In my ideal world, part of TV broadcasters’ social contract would include allowing anyone to retransmit any OTA station for free. That’s not going to happen. Heck, even the United Kingdom is considering allowing such fees. But I’ve got a solution that’s almost as good.

Consider music. When someone wants to play Yesterday, they don’t need to negotiate with Paul McCartney. There are rights organizations that have negotiated fair-market royalty rates with representatives of the parties that use music.

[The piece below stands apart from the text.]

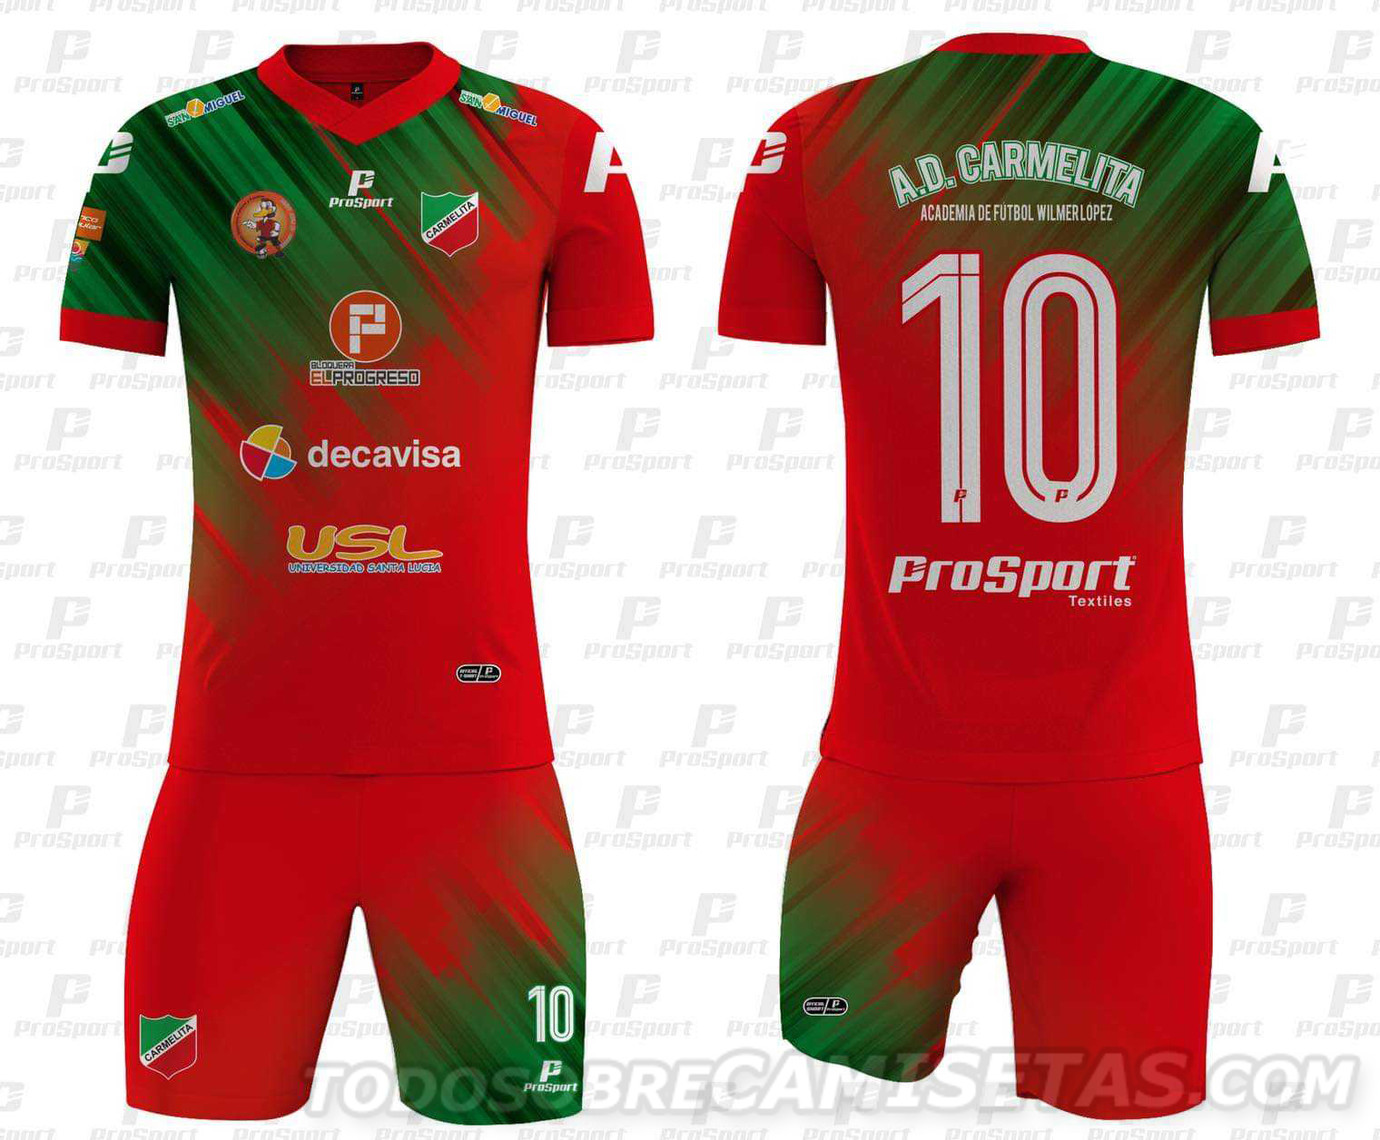 Camisetas ProSport de AD Carmelita Clausura 2019

Now apply that to OTA TV. Suppose that the major networks and other TV ownership groups sat down with the cable and satellite TV companies. They could negotiate a formula that provides fair-market retransmission fees for each station. I imagine that the formula would be based on the average number of viewers, with a certain no-fee threshold for must-carry stations. If average ratings go up over a year (or quarterly), that station earns a higher fee from the pay-TV service. Every few years, the parties sit down and hash out any changes. Everyone benefits by saving all the time and money currently spent negotiating each station group’s demands with each pay-TV service. No OTA station ever gets blacked out on any provider, yet everyone gets a fair return.

This too will never happen without government intervention. Even with assurances of a fair return on OTA fees, conglomerates would lose the leverage to force better terms for their cable channels. But this plan might just be balanced enough to work if viewer groups and pay-TV lobbyists ever get together to lean on Washington. At the very least, it’s a pleasant dream.